Geometric Model Predictive Path Integral for Agile UAV Control with Online Collision Avoidance

摘要

In this letter, we introduce Geometric Model Predictive Path Integral (GMPPI), a sampling-based controller capable of tracking agile trajectories while avoiding obstacles. In each iteration, GMPPI generates a large number of candidate rollout trajectories and then averages them to create a nominal control to be followed by the controlled Unmanned Aerial Vehicle (UAV). Classical Model Predictive Path Integral (MPPI) faces a trade-off between tracking precision and obstacle avoidance; high-noise random rollouts are inefficient for tracking but necessary for collision avoidance. To this end, we propose leveraging geometric SE(3) control to generate a portion of GMPPI rollouts.
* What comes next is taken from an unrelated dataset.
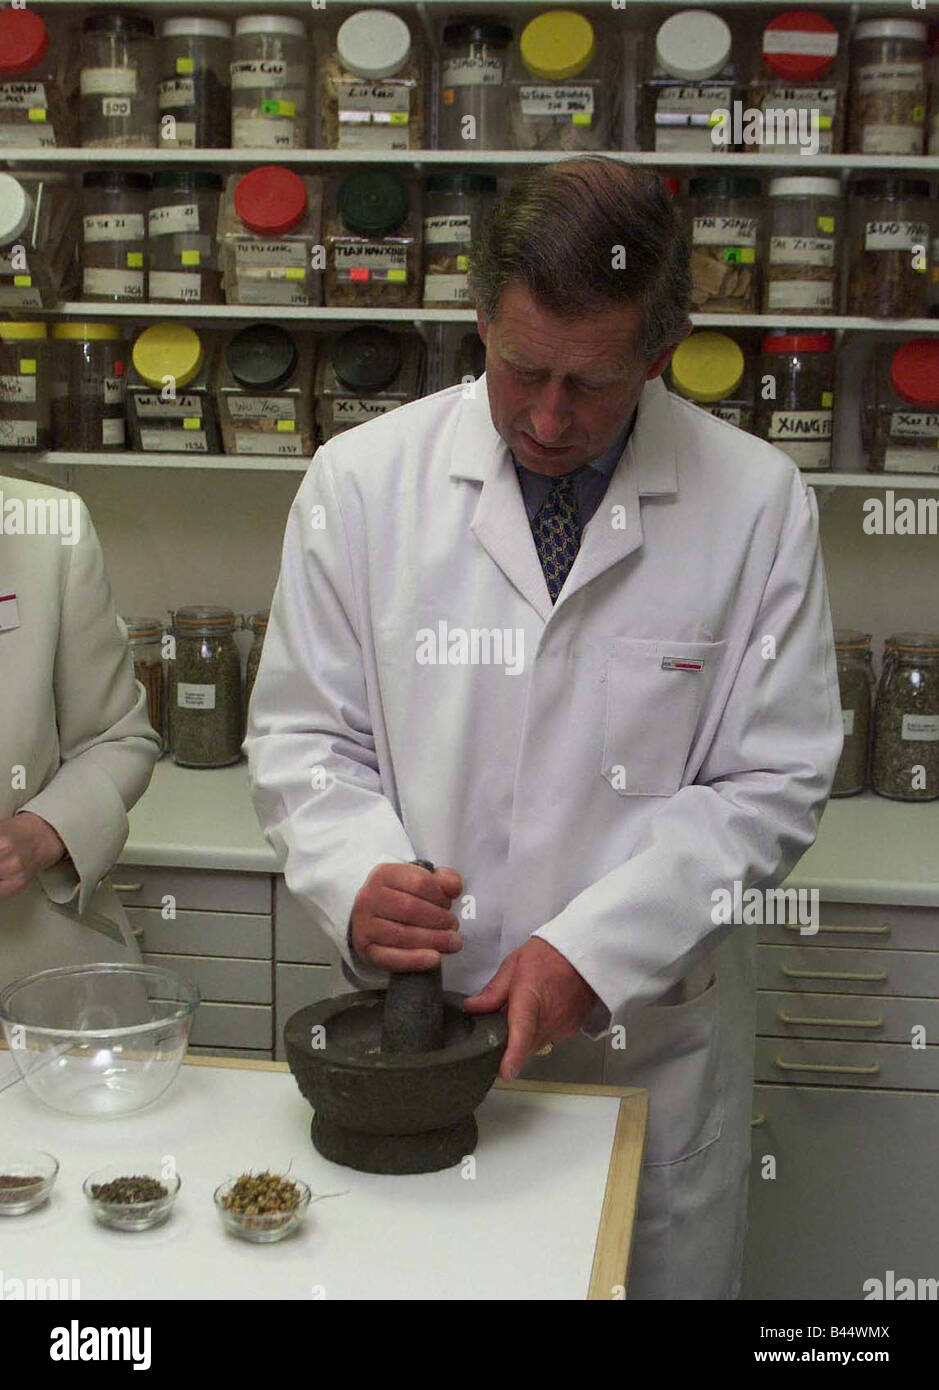 prince-charles-makes-herbal-medicine-at-

To maximize their benefit, we introduce a UAV-tailored cost function balancing tracking performance with obstacle avoidance. All generated rollouts are projected onto depth images for collision avoidance, representing, to our knowledge, the first method utilizing depth data directly in a UAV MPPI loop. Simulations show GMPPI matches the tracking error of an obstacle-blind geometric controller while exceeding the avoidance capabilities of state-of-the-art planners and learning-based controllers. Real-world experiments demonstrate flight at speeds up to 17 m/s and obstacle avoidance up to 10 m/s.